Interessant dürfte in diesem Zusammenhang auch die Frage sein, welchen Einfluss die Seilschaften ehemaliger NS-Juristen auf die Gesetzgebung nahmen. Schließlich waren einige der NS-Größen, wie etwa Heydrichs Stellvertreter Werner Best, nach dem Krieg bemüht, die Strafverfolgung von NS-Tätern zu erschweren. Best arbeitete in der Rechtsanwaltskanzlei von Ernst Achenbach, selbst ehemaliges NSDAP-Mitglied und nach dem Krieg für die FDP Abgeordneter im Deutschen Bundestag. „Nicht nur im Bundesjustizministerium, sondern auch am Bundesgerichtshof und im Bundestag machten ehemalige NS-Juristen ihren Einfluss geltend“, so Görtemakers Fazit.
Dass man sich gegenseitig half, zeigt das Beispiel von Hans Gawlik. Das ehemalige NSDAP-Mitglied war als Staatsanwalt am Sondergericht Breslau nach Recherchen der Historiker in der NS-Zeit an zahlreichen Todesurteilen beteiligt. Nach dem Krieg war er zunächst Verteidiger des SD des Reichsführers-SS und einiger Einsatzgruppenführer in den Nürnberger Prozessen.

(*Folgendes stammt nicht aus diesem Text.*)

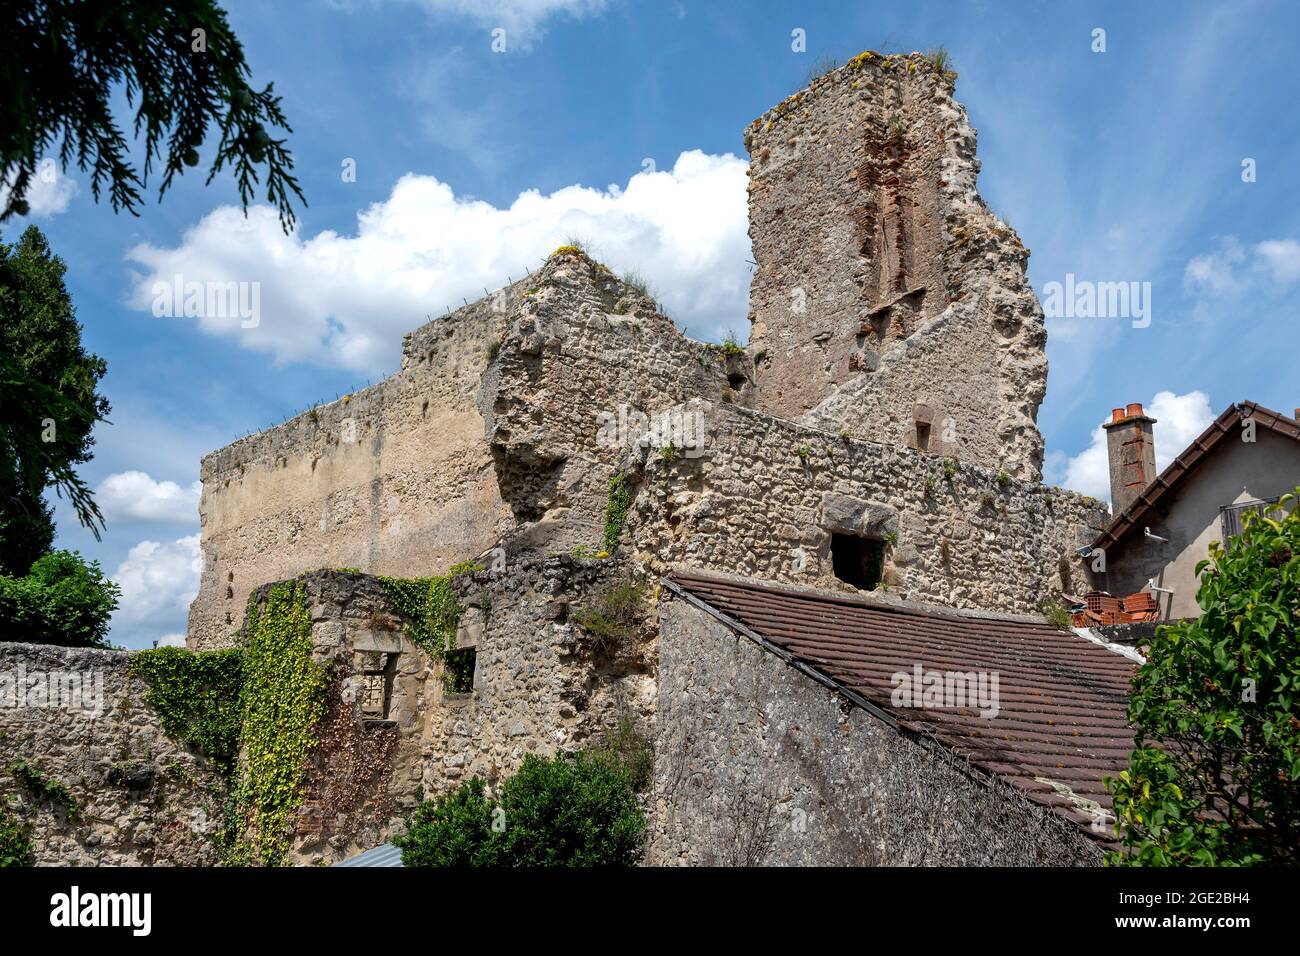 Ruins of the castle of Verneuil-en-Bourbonnais, Allier department, Auvergne-Rhone-Alpes, France Stock Photo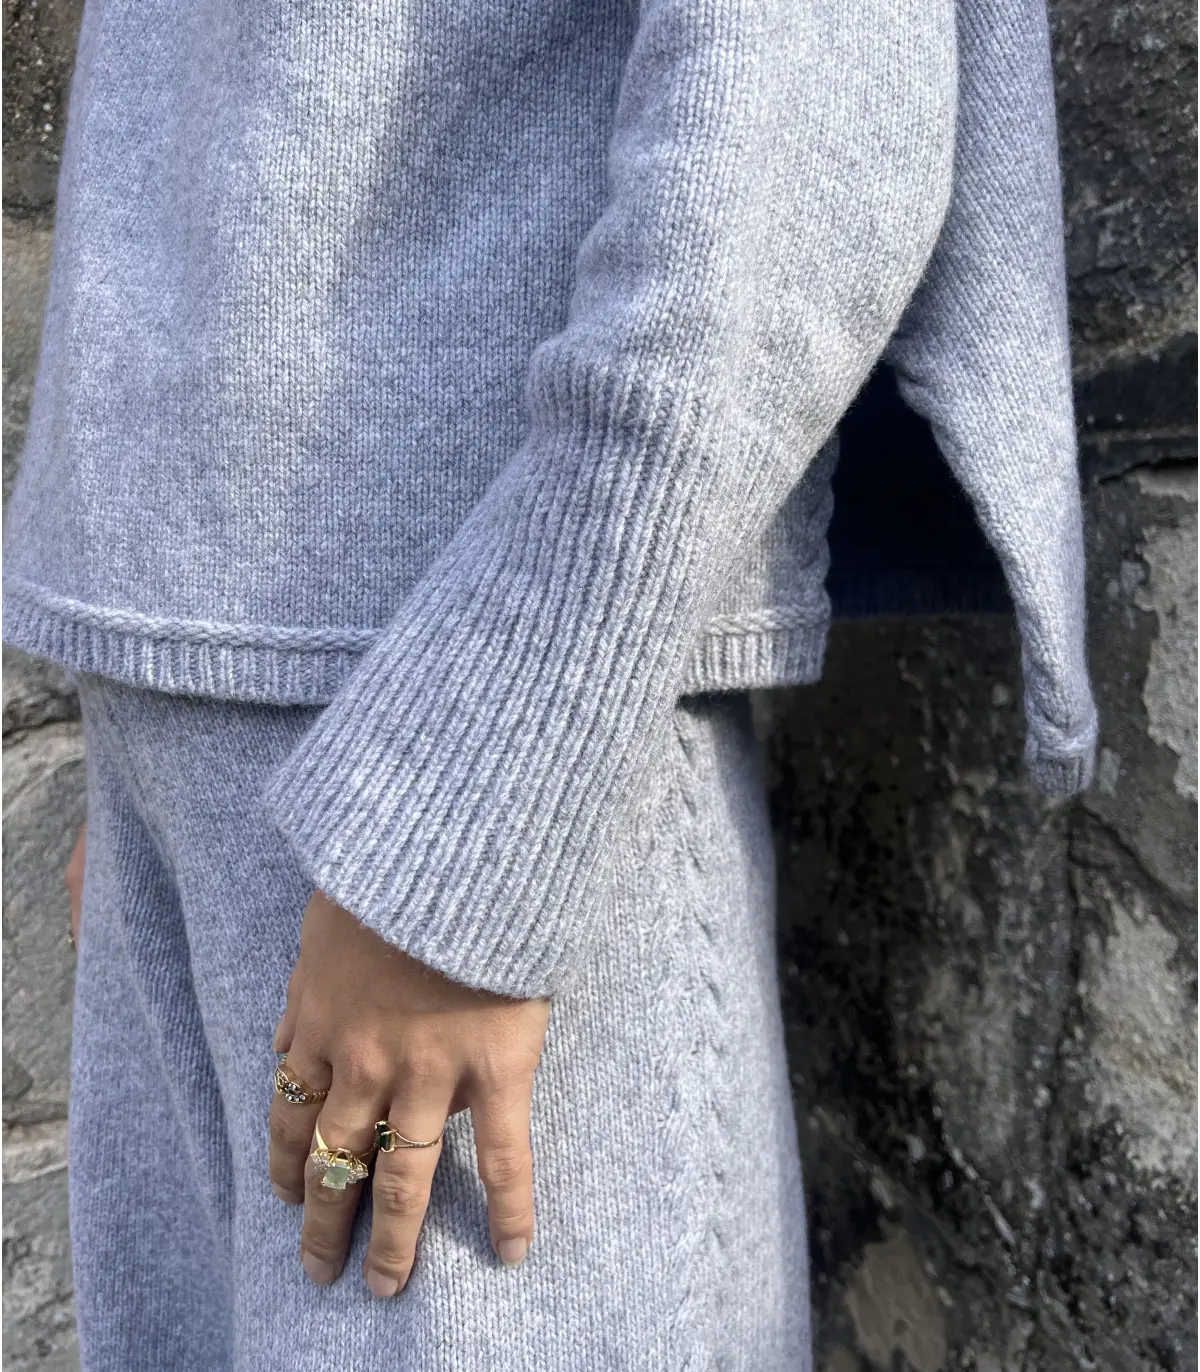 Pantalon de jogging avec poches en laine mérinos pour femme - Gris

Nach 1949 leitete er die Zentrale Rechtsschutzstelle im Bundesjustizministerium, die Deutsche im Ausland, die wegen ihrer Tätigkeit in der NS-Zeit von Strafverfolgung bedroht waren, „rechtlich“ betreute. „Dies bedeutet, dass er sie vor einer möglichen Verhaftung warnen konnte“, so Görtemaker.
Letztlich ergibt sich somit ein ambivalentes Bild: Einerseits unterwanderten ehemalige NS-Juristen den Justizapparat der jungen Bundesrepublik und schützten sich dabei gegenseitig. Andererseits entstand ein Rechtsstaat, der von Anfang an gut funktionierte. Bei der Frage, wie sich dieser Widerspruch erklären lässt, bleibt noch viel Raum für die historische Forschung. Görtemaker kündigt deshalb bereits heute zahlreiche Bände an, die den Abschlussbericht der BMJ-Kommission ergänzen werden.